Nous allons auditionner des personnalités du monde académique et universitaire, mais aussi des think tanks, comme l'Institut Montaigne ou l'Institut économique Molinari. Nous devrions aussi recevoir des agences de notation et des investisseurs qui placent leur argent en France. Le ministre de l'Economie et des Finances, Bruno Le Maire, et le ministre chargé des Comptes publics, Thomas Cazenave, seront également entendus. Sans oublier les administrations publiques, Bercy, l'Agence France Trésor, qui participent à la mise en œuvre de la décision politique. Et enfin, les corps de contrôle, à l'instar de la Cour des comptes et des représentants de la Commission européenne.
Envisagez-vous de vous rendre à Bercy pour obtenir des documents confidentiels, comme votre collègue sénateur (LR) Jean-François Husson qui s'est déplacé au ministère des Finances récemment ?
Rien n'est exclu. Le rapporteur pourra faire des contrôles sur pièces. Nous pourrons également demander aux administrations de nous fournir des documents. On se donnera tous les moyens qui nous semblent nécessaires.
Malgré une dette à plus de 3.000 milliards d'euros, les économistes s'accordent à dire que la France jouit toujours de la confiance des investisseurs et qu'elle n'a pas de problème à lever des fonds sur les marchés financiers. Pourquoi le sujet de la dette vous alarme-t-il tant ?

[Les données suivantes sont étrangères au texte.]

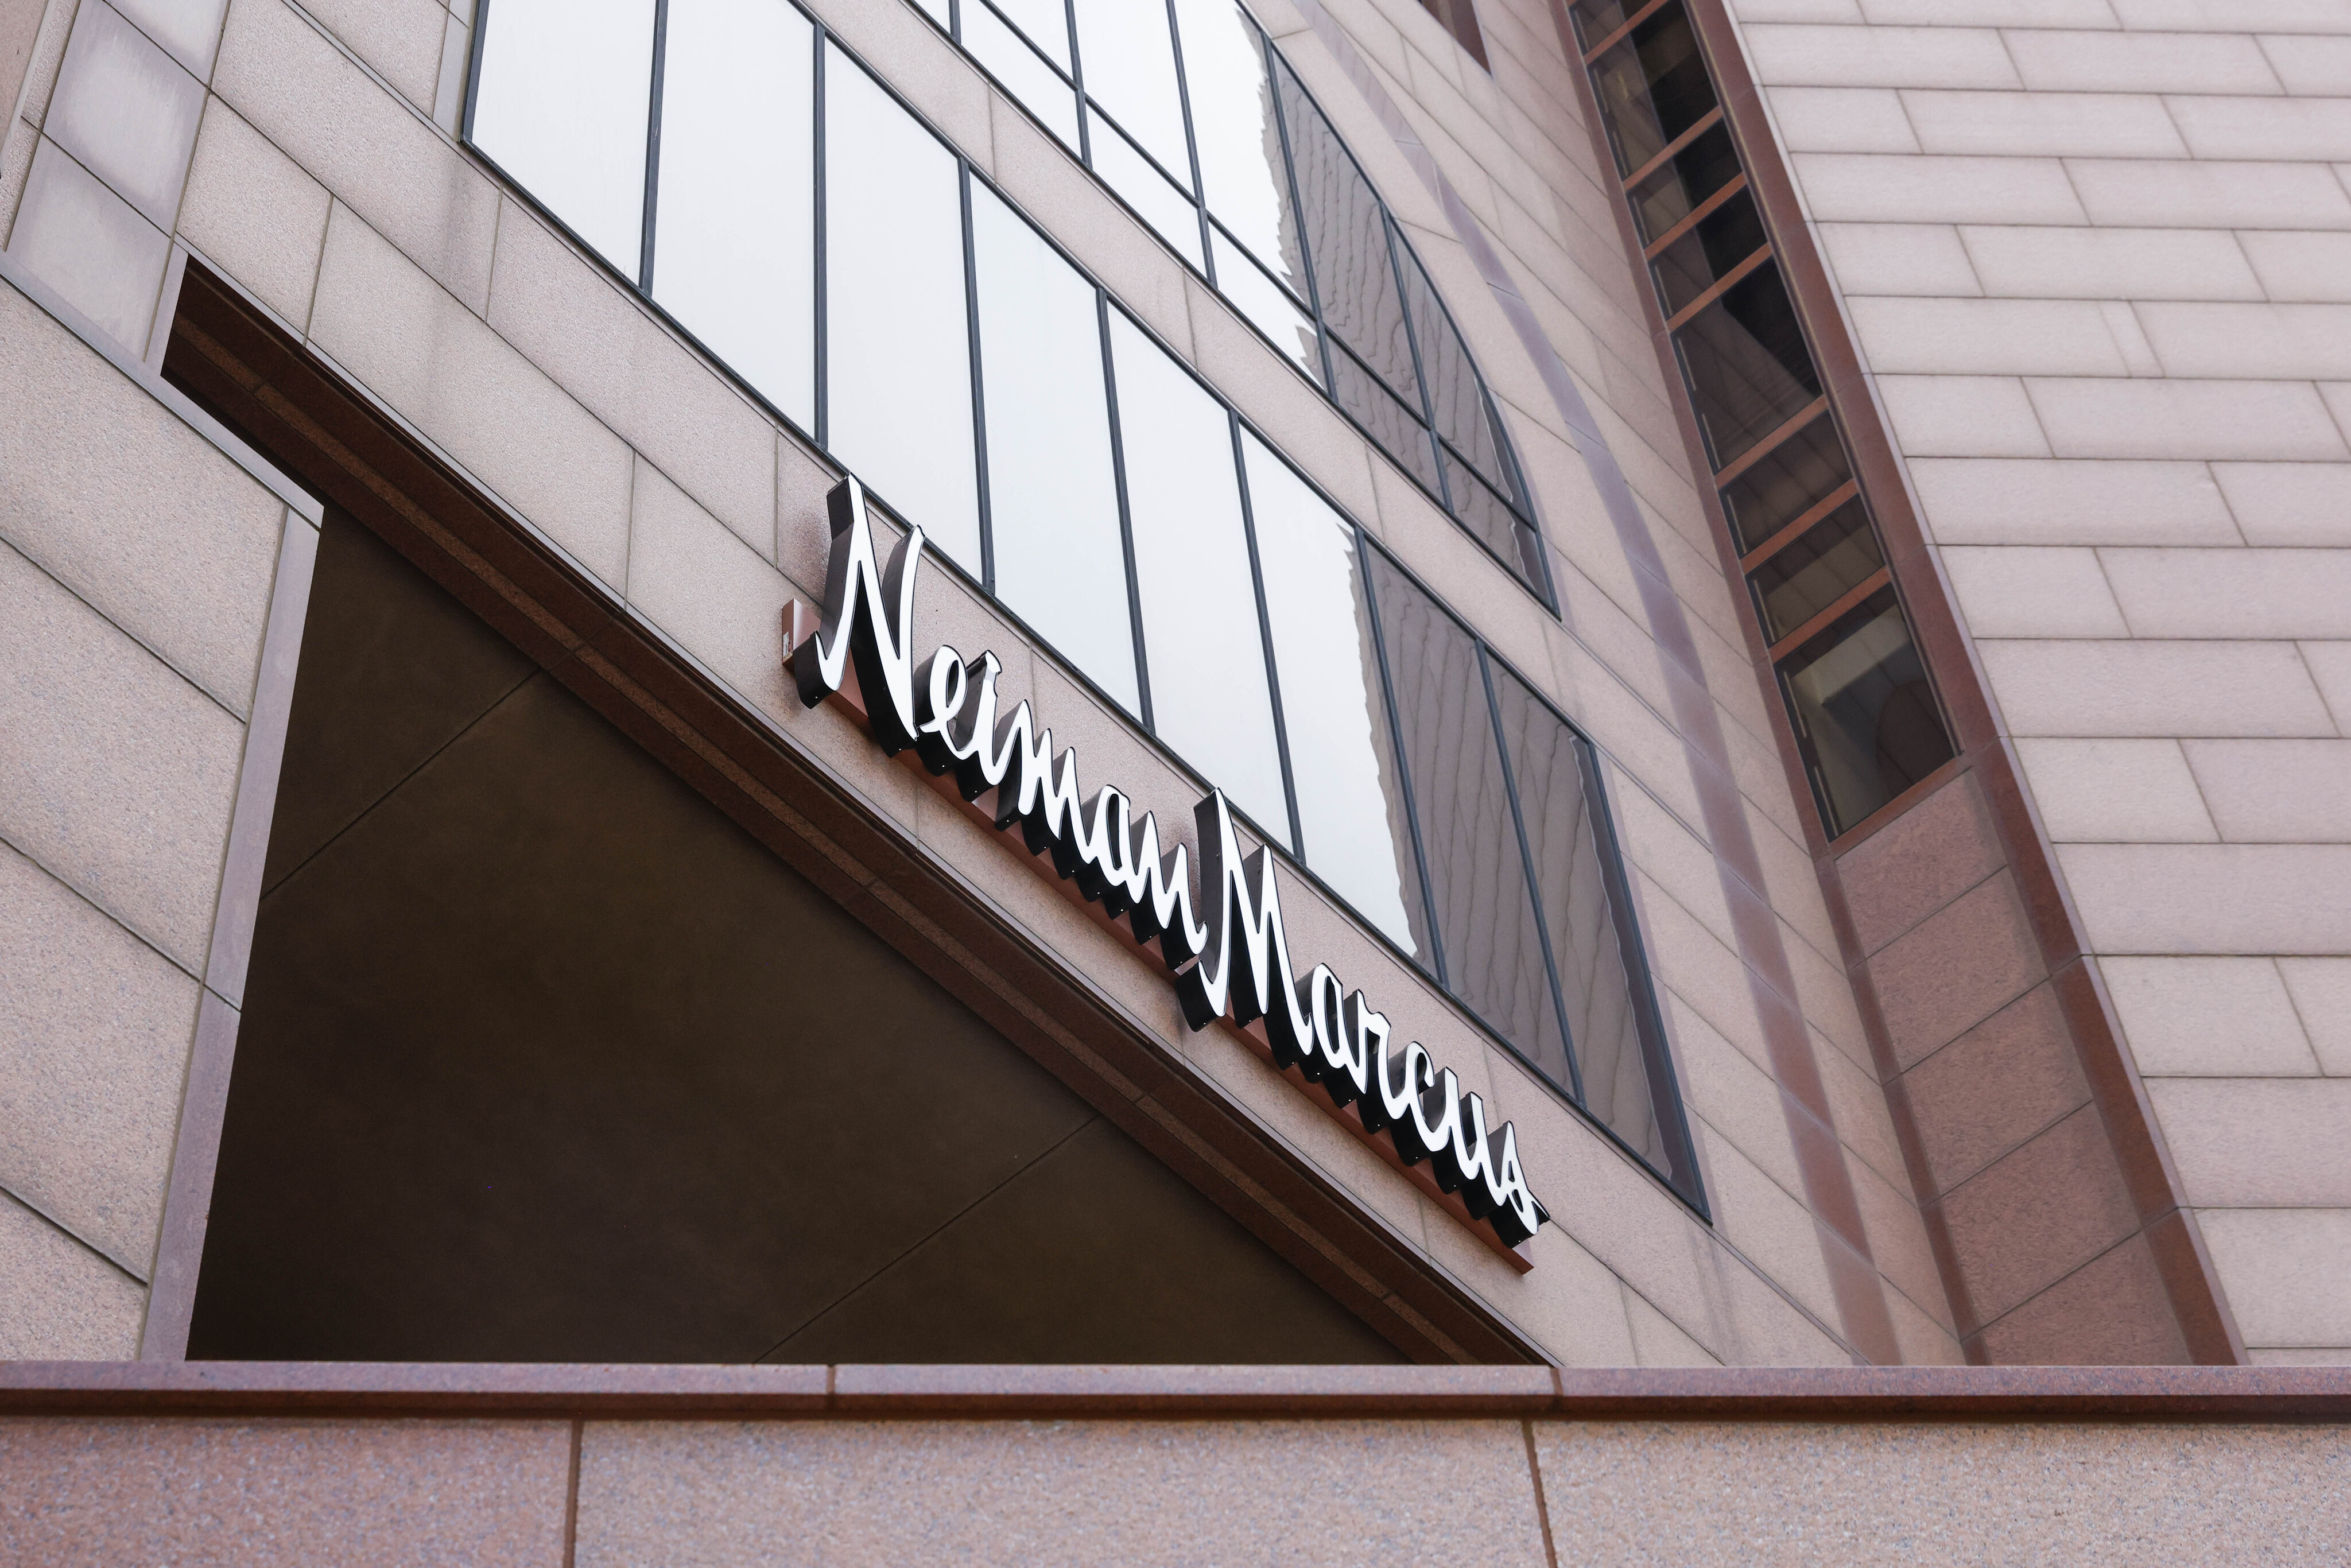 In Department Store News, Neiman Marcus Sale Called Off

Mon intime conviction est que la dette appauvrit notre pays en nous privant de marges de manœuvre. J'ai peur que l'on voit un jour les décisions politiques dictées par les marchés financiers. Le hasard fait que j'étais à Athènes quand la vente du port du Pirée à une entreprise chinoise a été annoncée par le gouvernement grec en 2016. Cela m'a frappé. J'en ai retenu une leçon : quand vous êtes trop endetté, vous n'êtes plus souverain.
De fait, comment faire pour réduire notre dette ? Par où commencer dans un contexte budgétaire tendu ?
Dans le spectre de la commission d'enquête, il n'y a pas la recherche de solutions. Cela peut paraître curieux, mais c'est ainsi. Une chose est sûre : aux Républicains, nous ne voulons pas augmenter les prélèvements obligatoires. À mon sens, on dépense trop et mal. Quand j'étais candidat à la primaire de la droite à l'automne 2016, je portais l'idée d'une dépense publique plus efficace. Je n'étais pas favorable à une baisse drastique du nombre de fonctionnaires par exemple, mais à une réallocation des ressources au sein du système. Ce n'est qu'une fois la dépense publique mieux utilisée qu'on se rendra compte que l'on peut dépenser moins.
Mais comment concilier les investissements d'avenir (transition écologique, réindustrialisation, etc.) qui vont nécessiter des milliards d'euros avec la réduction de notre endettement ?
Sans réduction de notre dette, nous n'aurons pas les moyens de réaliser les investissements en matière de réindustrialisation ou de lutte contre le réchauffement climatique. Il faut le dire aux Français. Et je m'inquiète que la dette ne soit pas un sujet pris avec gravité par l'opinion. Il y a une addiction de l'Hexagone à la dépense publique à laquelle on doit mettre fin. Même si cela s'annonce difficile.